= Garret Smith =

Science fiction writer and journalist

Garret Smith (1878-1954) was an American journalist and science fiction writer. Most of his works were short stories or magazine novels. Many of his works appeared in the Argosy.

During his lifetime one of his serialized novels was released as book (Between Worlds, 1929, originally serialized in 1910). Between Worlds, a book about women from dystopian Venus attempting to conquer Earth, is not considered his best work by modern critics (it has been described as "a semi-juvenile tale" and "one of his weakest" in The Encyclopedia of Science Fiction). Instead, another novel he wrote received more recognition (The Treasures of Tantalus, 2017, originally serialized in 1920). That story featured a relatively novel concept of a device to see through time and space, and some discussion of morality of their use. The Encyclopedia noted that The Treasures of Tantalus, was "of more interest", and Michael Ashley called it "praiseworthy".

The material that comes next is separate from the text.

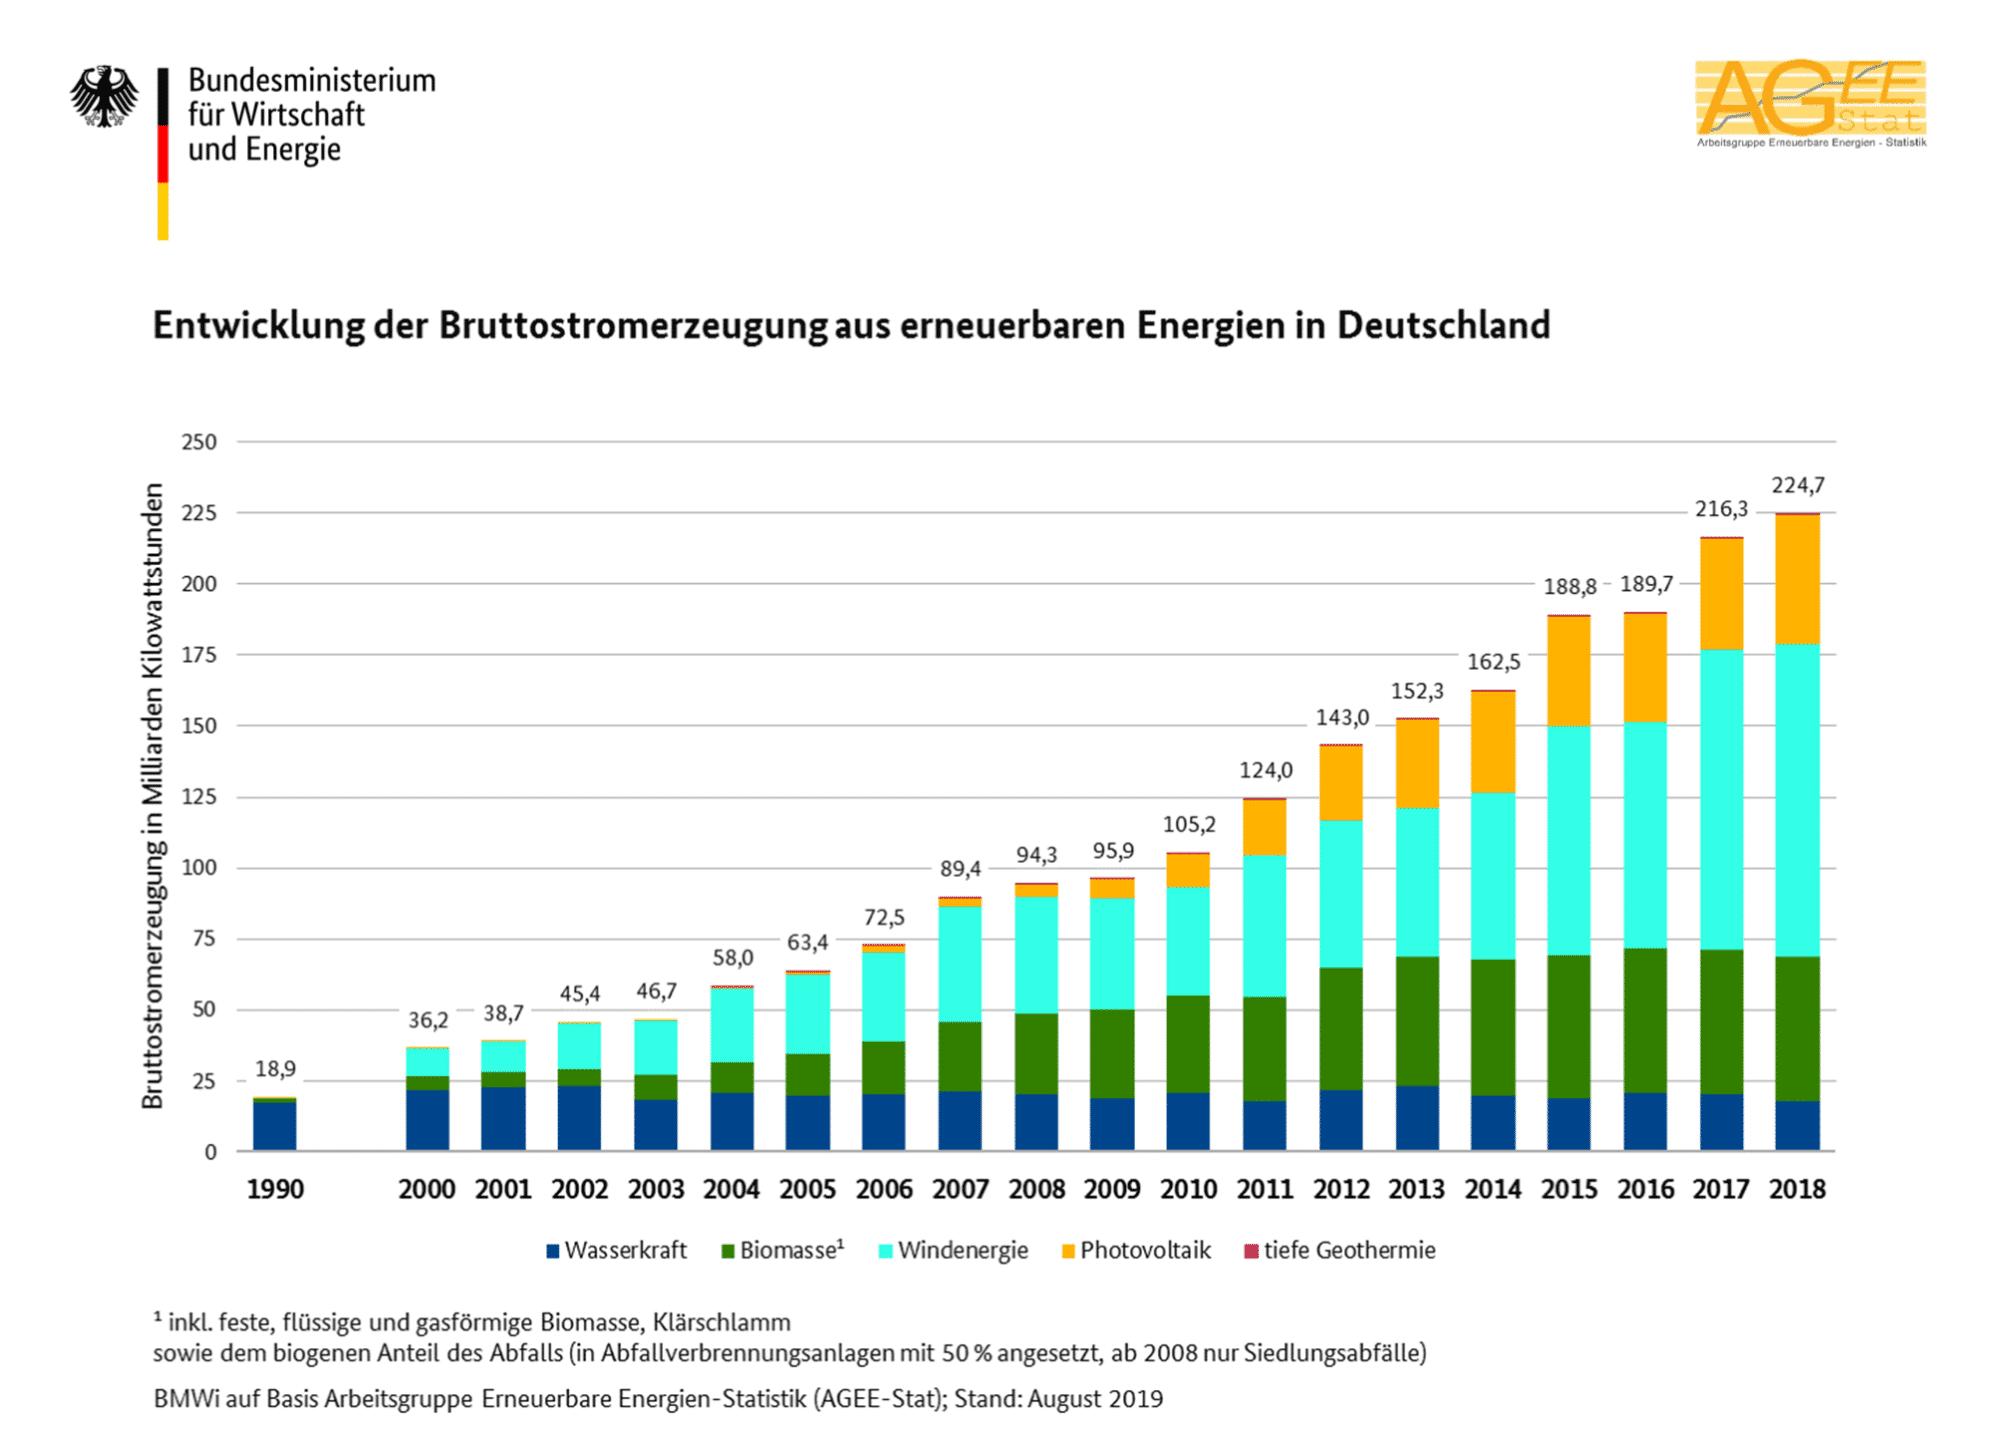 2018 stammten etwa 225 Milliarden Kilowattstunden der Bruttostromerzeugung in Deutschland aus erneuerbarer Energie.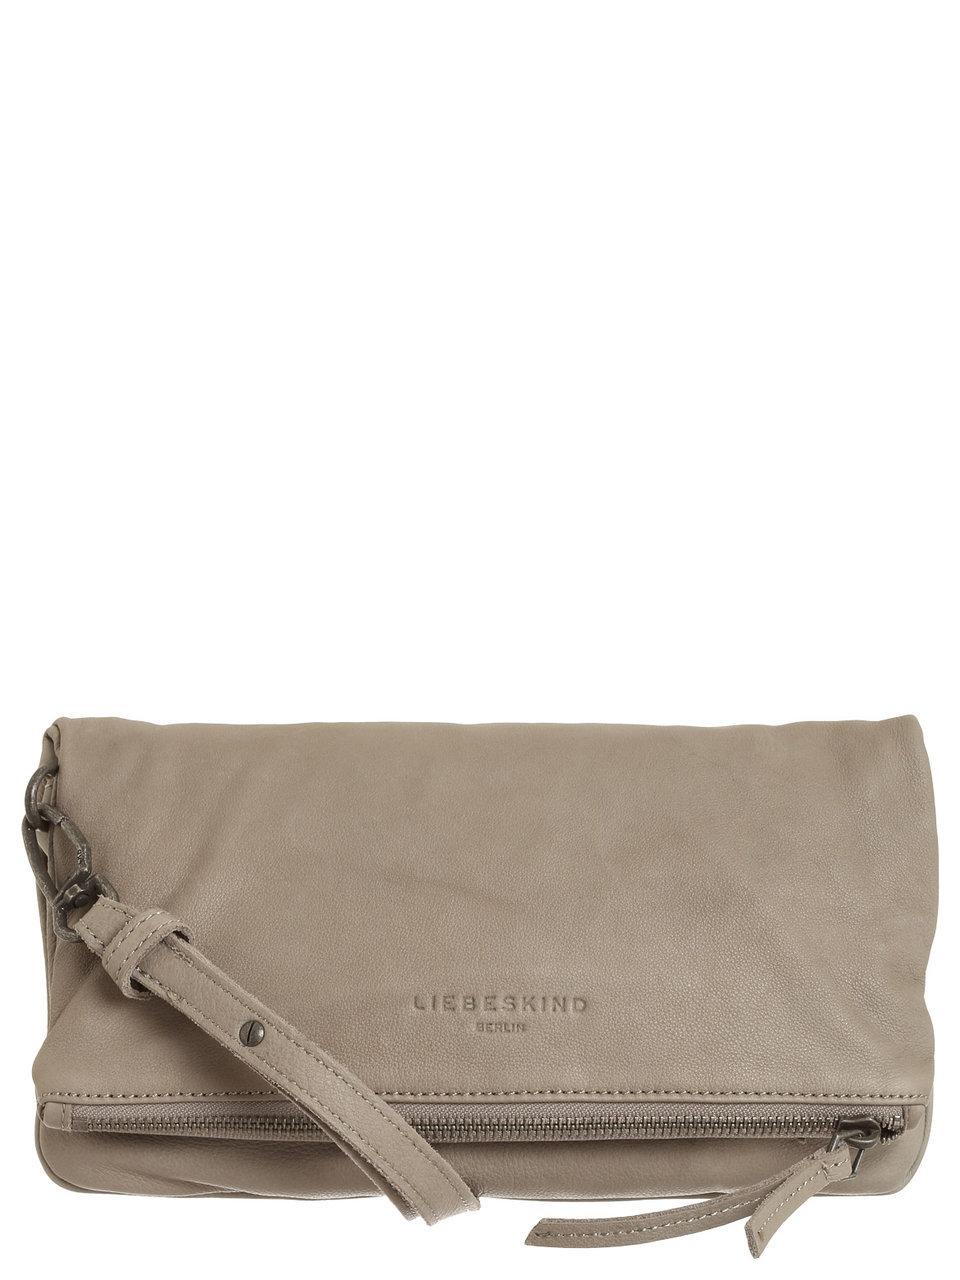 Artikel klicken und genauer betrachten! - Eine Handtasche, die alles kann! Die Clutch von Liebeskind mit Umschlag ist ein stylisches Accessoire und vielseitig tragbar! Ob als feminine Clutch in der Hand liegend, oder mit Lederriemen als kleinere Handtasche über der Schulter ist dieser Liebeskind-Entwurf ein feines Allround-Talent! Hochwertiges Leder macht die besondere Qualität aus: Investieren Sie in dieses hochwertige Casual-Piece mit Pfiff! Clutch von Liebeskind Monochromes Design Innenfutter unifarben Aufteilung in Hauptfach und ein Nebenfach Schließt mit Umschlag, Reißverschluss und Magnetknopf Zusätzliches Reißverschlussfach auf der Rückseite Abnehmbarer, verstellbarer Schultergurt Länge Schultergurt: 60 x 90 x120 cm Beschläge aus silberfarbenem Metall Logoprägung auf der Vorderseite Maße: 28 x 16 x 2 cm Innenfutter: Baumwolle Material: Leder Saison: Herbst / Winter Versand des Artikels / Ware erfolgt zügig dauert ca. 2 - 4 Werktage.  | im Online Shop kaufen

Other of his works included "On the Brink of 2000" (1910) and "You've Killed Privacy" (1928), also featuring the devices for seeing through time and space; Flammarion-inspired "After a Million Years" (1919) tackling the topic of the extinction of humanity, "The Girl in the Moon" (1928) about a runaway rocket ship, and "Thirty Years Late" (1928), the latter called by Brian M. Stableford "a transfiguration of the tale of Rip van Winkle".

Summing up his career as a writer, Stableford said that Smith's "ventures into sf were sometimes enterprising", while The Encyclopedia noted that he "was a sometimes capable writer whose ideas tended to outclass his fiction".